In the previous section, we saw the details about pH scale. In this section, we will see some solved examples

Solved example 7.52
The concentration of hydrogen ion in a sample of soft drink is 3.8 × 10^-3 M. what
is its pH ?
Solution:
• Given that: [H⁺] of the soft drink = 3.8 × 10^-3 M
• So pH of the soft drink = -log₁₀([H⁺]) = -log₁₀(3.8 × 10^-3) = 2.42
• Since the pH is less than 7, we can write: The soft drink is acidic

Solved example 7.53
Calculate pH of a 1.0 × 10^-8 M solution of HCl.
Solution:
1. Consider 1 L pure water
• In that water, there will be an undisturbed equilibrium according to the equation:
H₂O ⇌ H⁺ + OH^－
   ♦ Number of moles of H⁺ will be 10^-7
   ♦ Number of moles of OH^－ will be 10^-7
2. When HCl is added, that equilibrium will be disturbed
• Given that, 1.0 × 10^-8 moles of HCl is added to that 1 L water
• Since HCl is a strong acid, we assume that, all HCl molecules dissociate into H⁺ and Cl- ions
• So 10^-8 moles of H⁺ are added to the water
   ♦ Then total number of H⁺ ions = (10^-7 + 10^-8) = 1.1 × 10^-7
3. To regain equilibrium, some of the newly added H⁺ will react with the OH^－ ions
So in effect:
   ♦ There will be an increase in the number of H⁺ ions  
   ♦ There will be a decrease in the number of OH^－ ions
   ♦ But K_w will remain constant
4. Let x moles of H⁺ enter into reaction with OH^－
• Then the number of moles of OH^－ entering into reaction will also be x
• So at the new equilibrium,
   ♦ Number of moles of H⁺ ions = (1.1 × 10^-7 -x)
   ♦ Number of moles of OH^－ ions = (10^-7 -x)

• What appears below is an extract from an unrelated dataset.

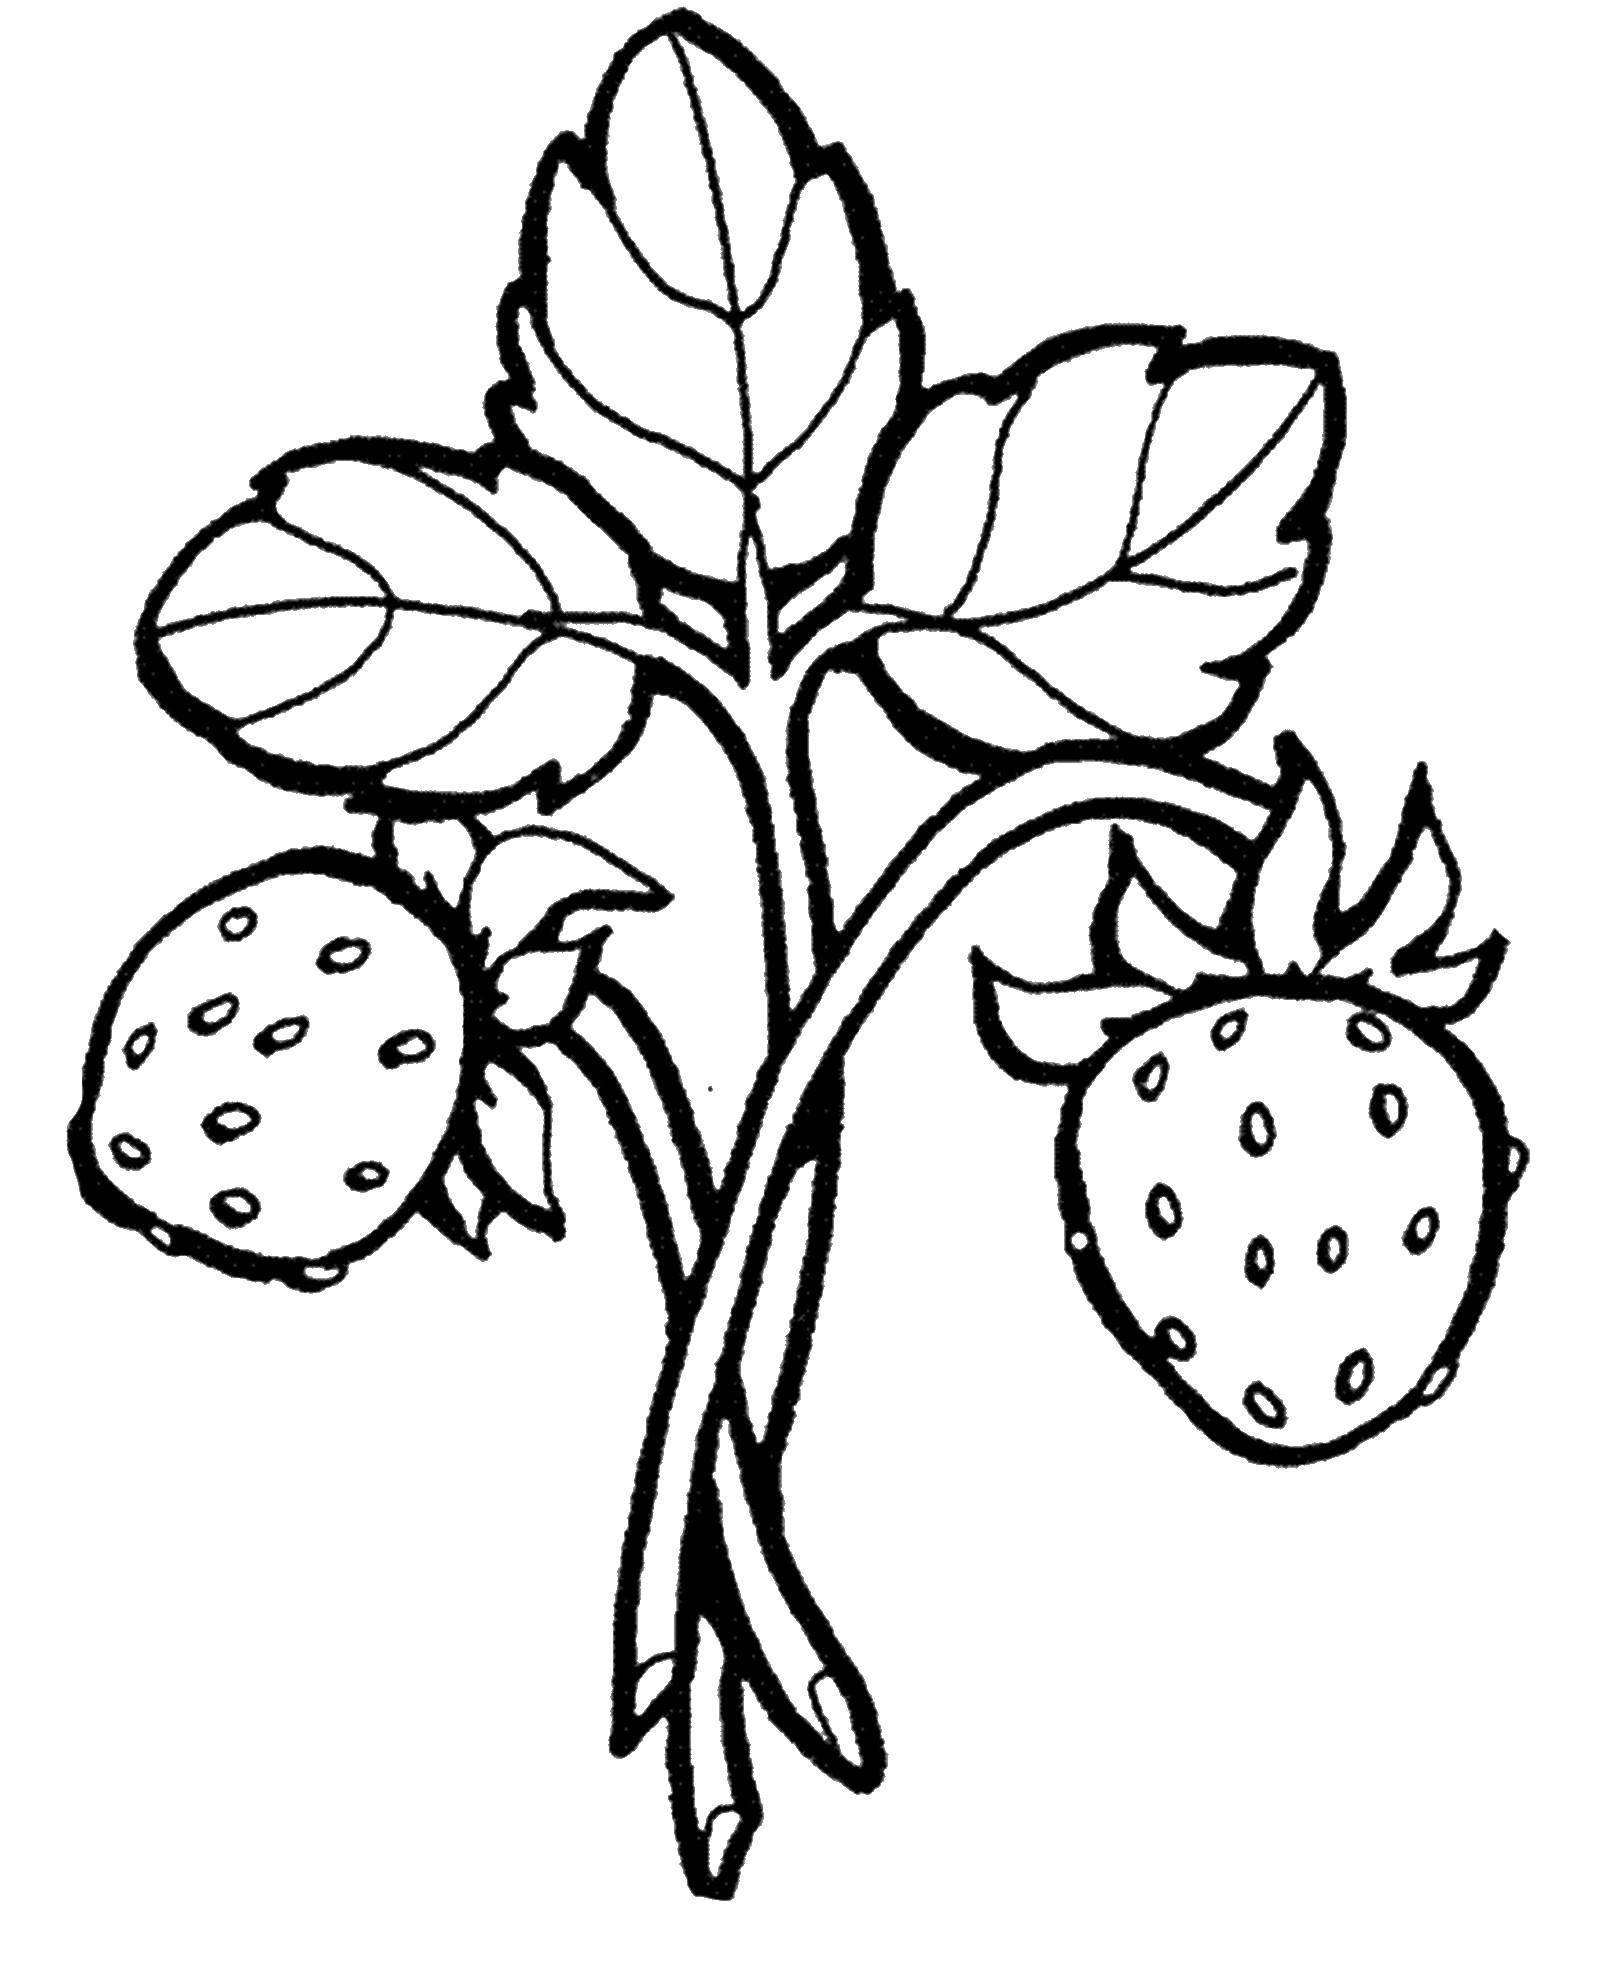 Coloring Strawberry. Category berries. Tags:  Berries, strawberries.

5. At the new equilibrium, concentrations will be different. But the equilibrium constant K_w is the same. So we can write:
(1.1 × 10^-7 - x) (10^-7 -x)= 10^-14
⇒ (1.1 × 10^-14) - (10^-7 x)  - (1.1 × 10^-7 x) + x² = 10^-14
⇒ (1.1 × 10^-14) - (2.1 × 10^-7)x + x² = 10^-14
⇒ x² - 2.1 × 10^-7 x + 0.1 × 10^-14 = 0
• Solving this quadratic equation, we get:
x = 2.051 × 10^-7 or 4.875 × 10^-9
6. Calculation of [H⁺]:
• When x = 2.051 × 10^-7, we get: [H⁺] = (1.1 × 10^-7 -x)

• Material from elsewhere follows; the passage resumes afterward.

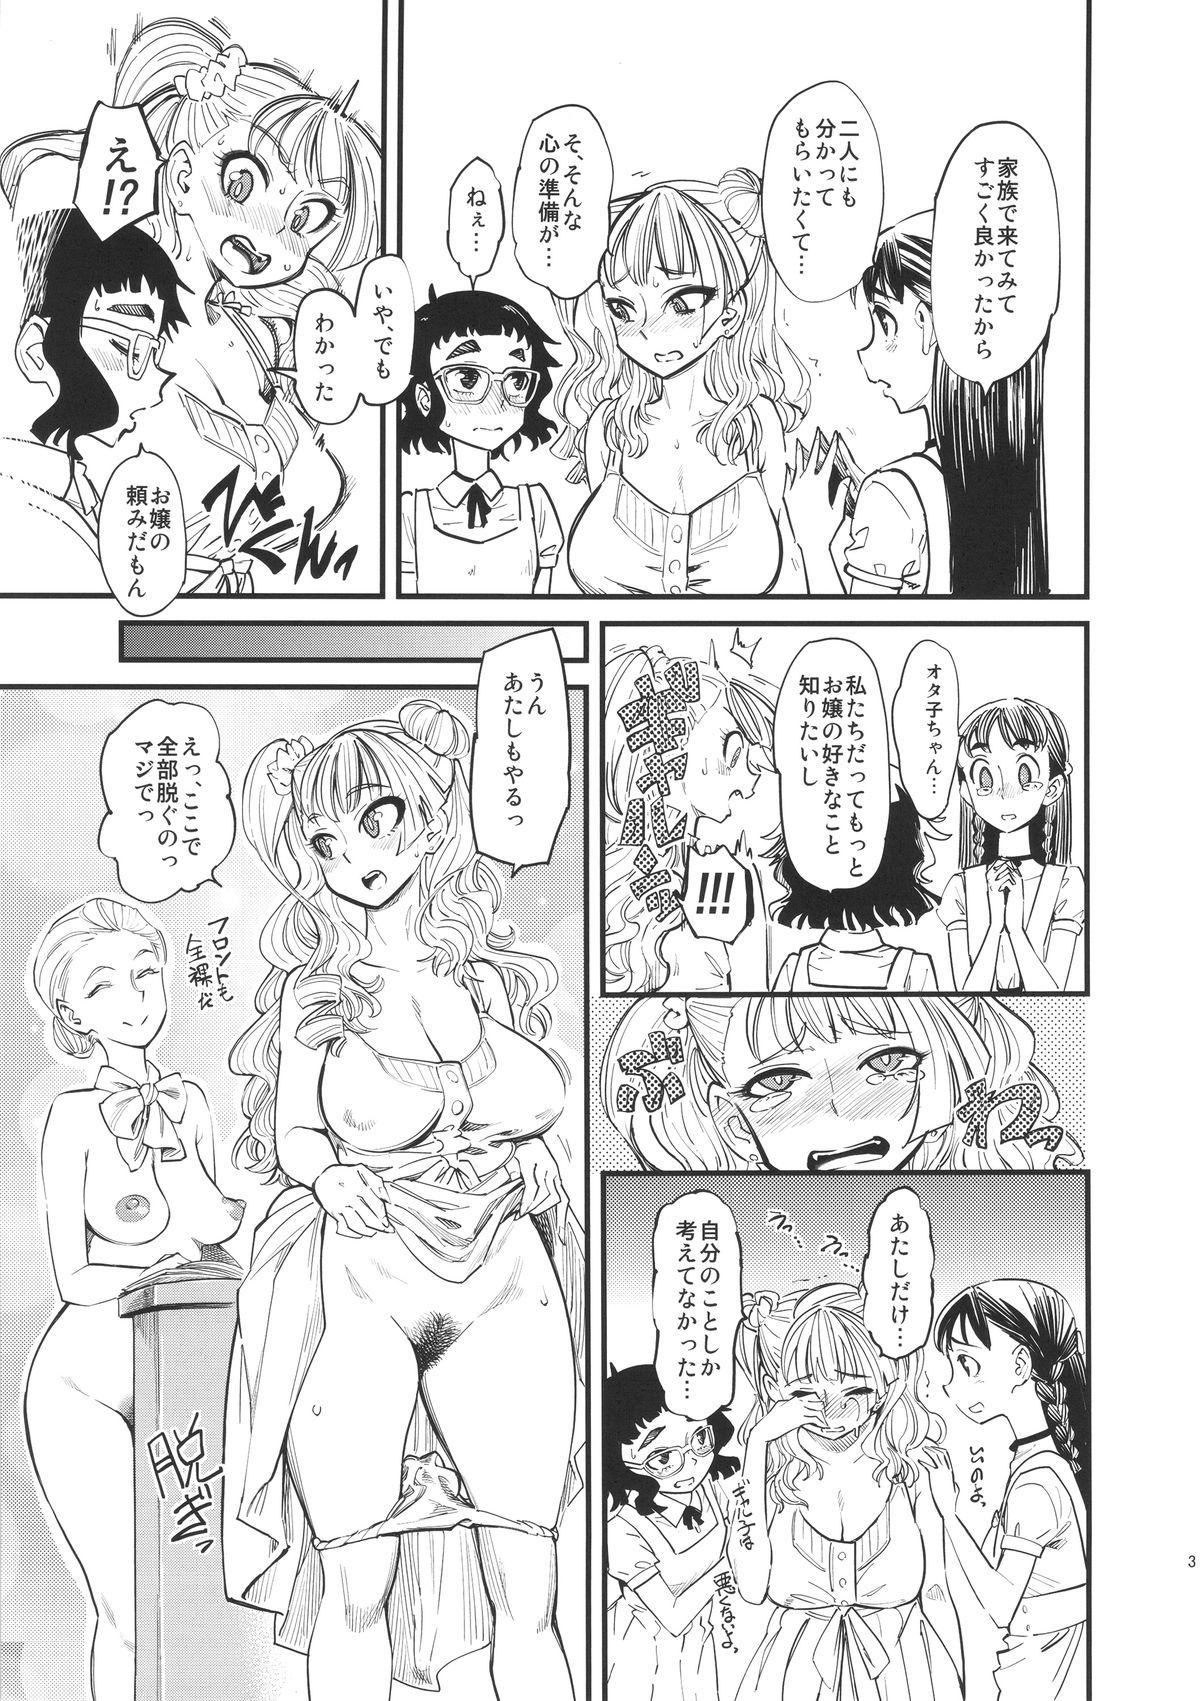 Reverse Cowgirl NMB - Oshiete galko chan Gay Outdoor - Page 4

= (1.1 × 10^-7 - 2.051 × 10^-7) = -9.512 × 10^-8
• When x = 4.875 × 10^-9, we get: [H⁺] = (1.1 × 10^-7 -x)
= (1.1 × 10^-7 - 4.875 × 10^-9) = 1.051 × 10^-7
• Negative value of concentration is not possible. So we must discard the value (x = 2.051 × 10^-7) obtained by solving the quadratic equation
• The acceptable value is: x = 4.875 × 10^-9
7. Calculation of [OH^－]:
• When x = 4.875 × 10^-9, we get: [OH^－] = (10^-7 -x)
= (10^-7 - 4.875 × 10^-9) = 9.512 × 10^-8
8. Check:
[H⁺][OH^－] = (1.051 × 10^-7)(9.512 × 10^-8) = 1.0 × 10^-14
9. Thus we get: pH = -log₁₀([H⁺]) = -log₁₀(1.051 × 10^-7) = 6.98
10. If required, we can calculate pOH also:
pOH = -log₁₀([OH^-]) = -log₁₀(9.512 × 10^-8) = 7.02
11. Note that: pH + pOH = (6.98 + 7.02) = 14
• The reason can be explained in 4 steps:
(i) We have: [H⁺][OH^－] = 10^-14
(ii) Taking logarithm of both sides, we get:
log₁₀([H⁺]) + log₁₀([OH-]) = log₁₀(10^-14)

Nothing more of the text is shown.